# Kostov 9" 220V HV motor?



## rayray (Oct 30, 2009)

Have my prayers been answered?
Does anyone know anything about this motor? 
--------------
K9" 220V boldly goes where no motor has gone before. It features over 6500rpm as nominal and close to 32kW in a 9"/45kg package. It is actually the first unit to benefit from our new high speed commutator for 9" motors. Appart from that it has a switchable stator field and covers 96-220V all at optimised rpm.

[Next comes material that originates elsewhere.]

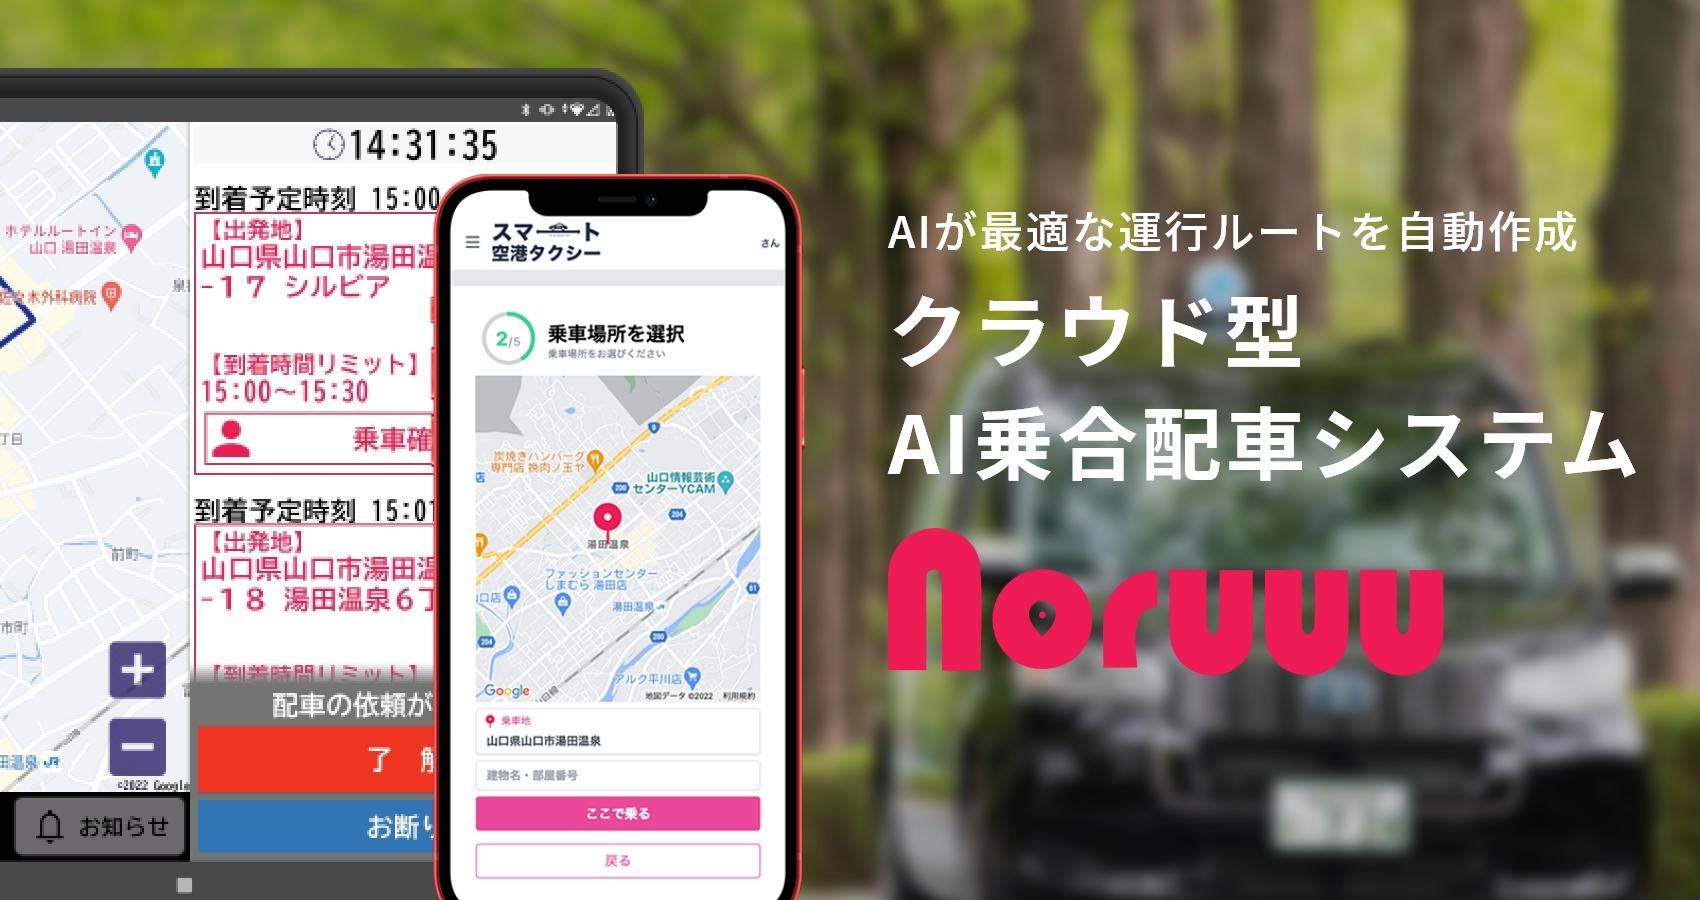 AI乗合配車システム「Noruuu」

K9" 220V is designed to take advantage of the upcoming Soliton JR controller.

http://kostov-motors.com/tractionmo...its/seriesdcmotorsforelectricvehicles/k9220v/


----------



## Bowser330 (Jun 15, 2008)

rayray said:


> Have my prayers been answered?
> Does anyone know anything about this motor?
> --------------
> K9" 220V boldly goes where no motor has gone before. It features over 6500rpm as nominal and close to 32kW in a 9"/45kg package. It is actually the first unit to benefit from our new high speed commutator for 9" motors. Appart from that it has a switchable stator field and covers 96-220V all at optimised rpm. K9" 220V is designed to take advantage of the upcoming Soliton JR controller.
> ...


Seems like a new offering from kostov-motors, I would email them about it and ask all your questions...They are very good about communicating and working with customers about their needs and wants...

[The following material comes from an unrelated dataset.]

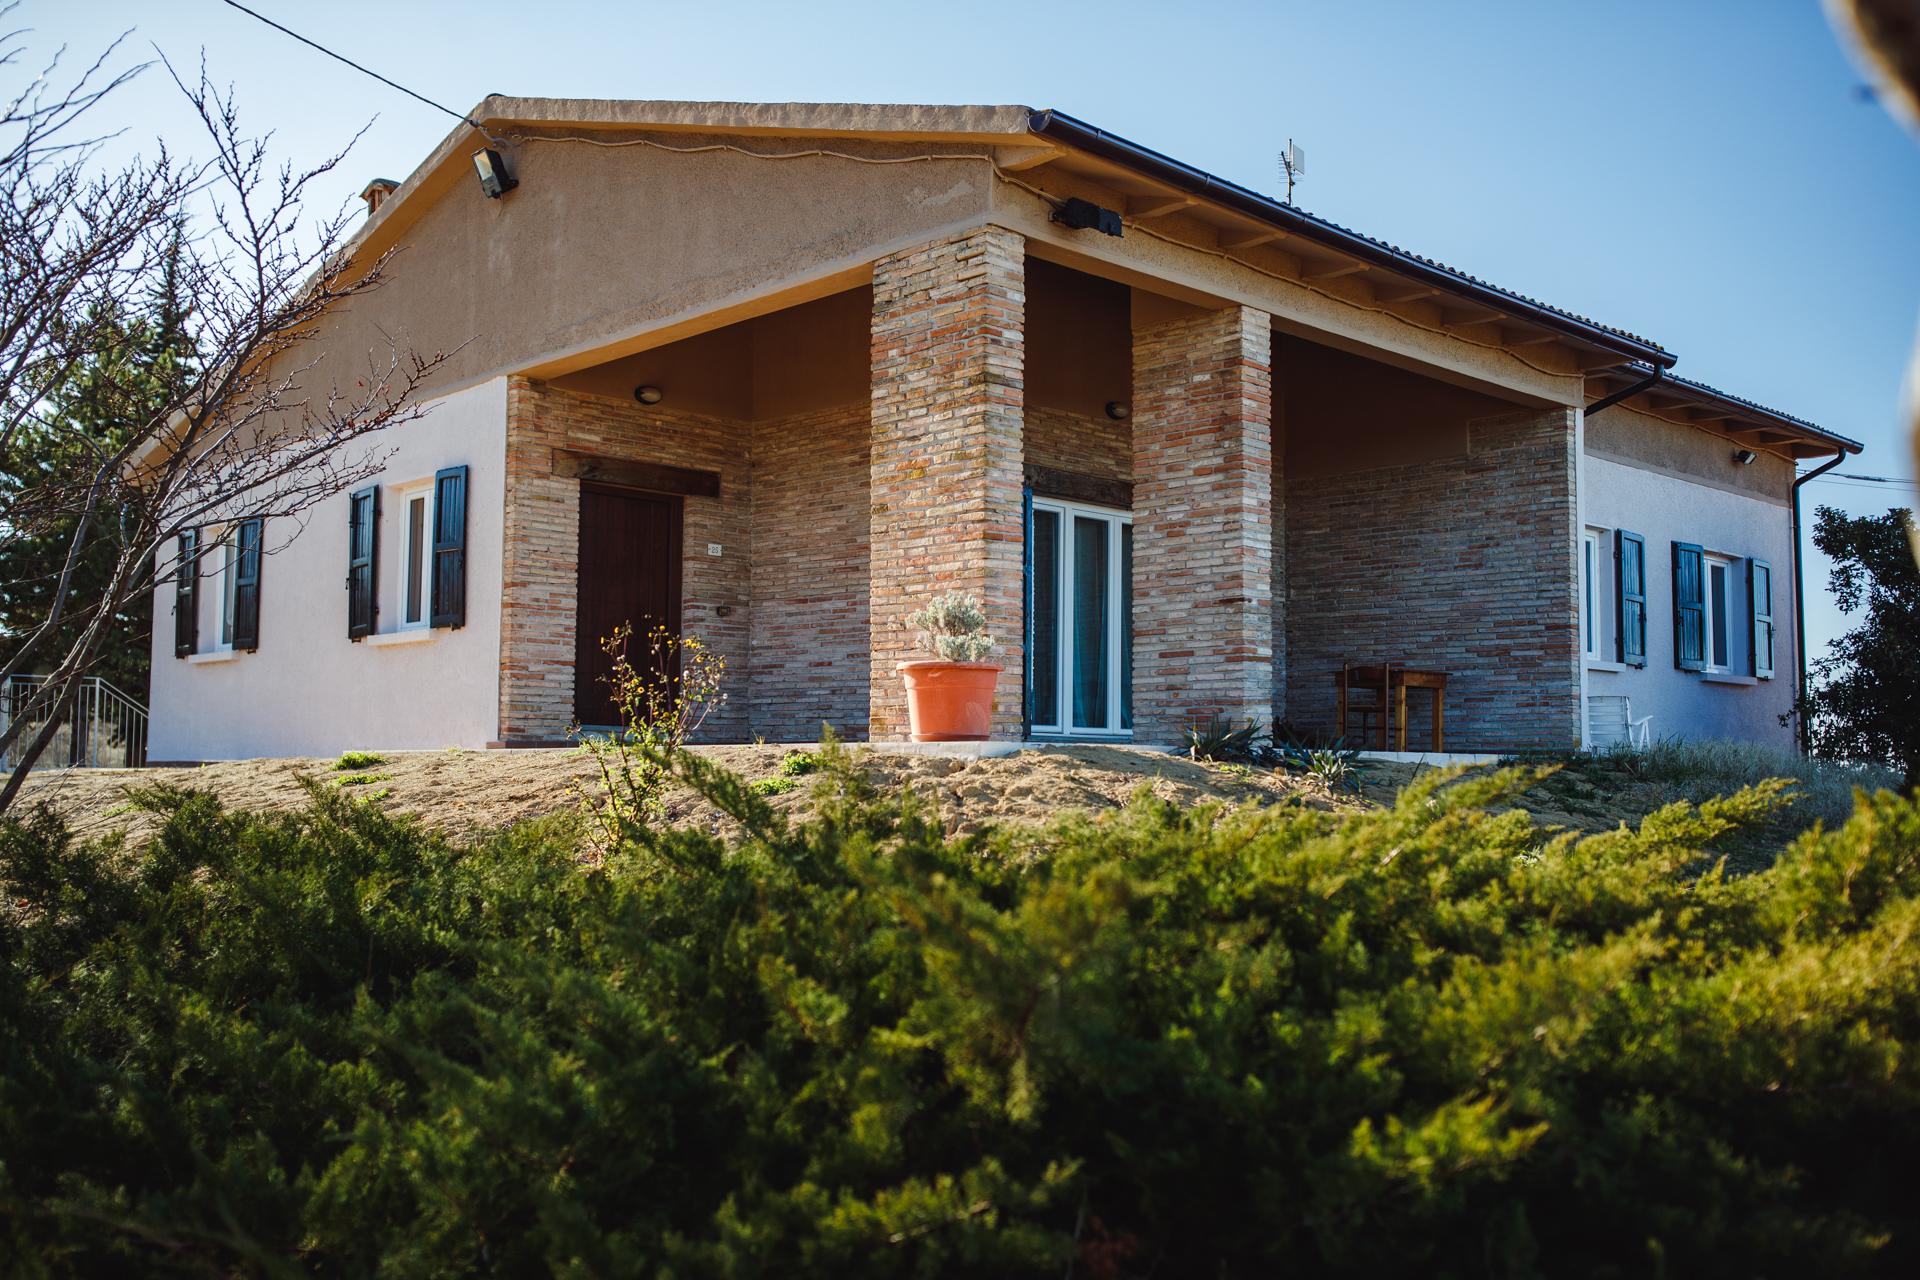 Case Vacanze Le Radici Villa in affitto

With the Soliton-1 controller 220KW(295HP) is possible for as long as the motor can hold 1000A at speed, however with 220V i imagine the 295HP would only be available up to 3500rpm or so...


----------



## DavidDymaxion (Dec 1, 2008)

I have an old Kostov, I like it. I really like that fan setup on the new one! The high rpm tricks are neat, too, more like something you'd expect at NEDRA than a forklift motor shop.


rayray said:


> Have my prayers been answered?
> Does anyone know anything about this motor?
> --------------
> K9" 220V boldly goes where no motor has gone before. It features over 6500rpm as nominal and close to 32kW in a 9"/45kg package. It is actually the first unit to benefit from our new high speed commutator for 9" motors. Appart from that it has a switchable stator field and covers 96-220V all at optimised rpm. K9" 220V is designed to take advantage of the upcoming Soliton JR controller.
> ...


----------



## RoughRider (Aug 14, 2008)

looks good...

1750€ for 300HP peak...not bad...


----------



## ECCM (Apr 13, 2010)

RoughRider said:


> looks good...
> 
> 1750€ for 300HP peak...not bad...


 How do you arrive at 300 HP peak number?


----------



## Bowser330 (Jun 15, 2008)

ECCM said:


> How do you arrive at 300 HP peak number?


RoughRider may have been referencing my post above stating "295hp"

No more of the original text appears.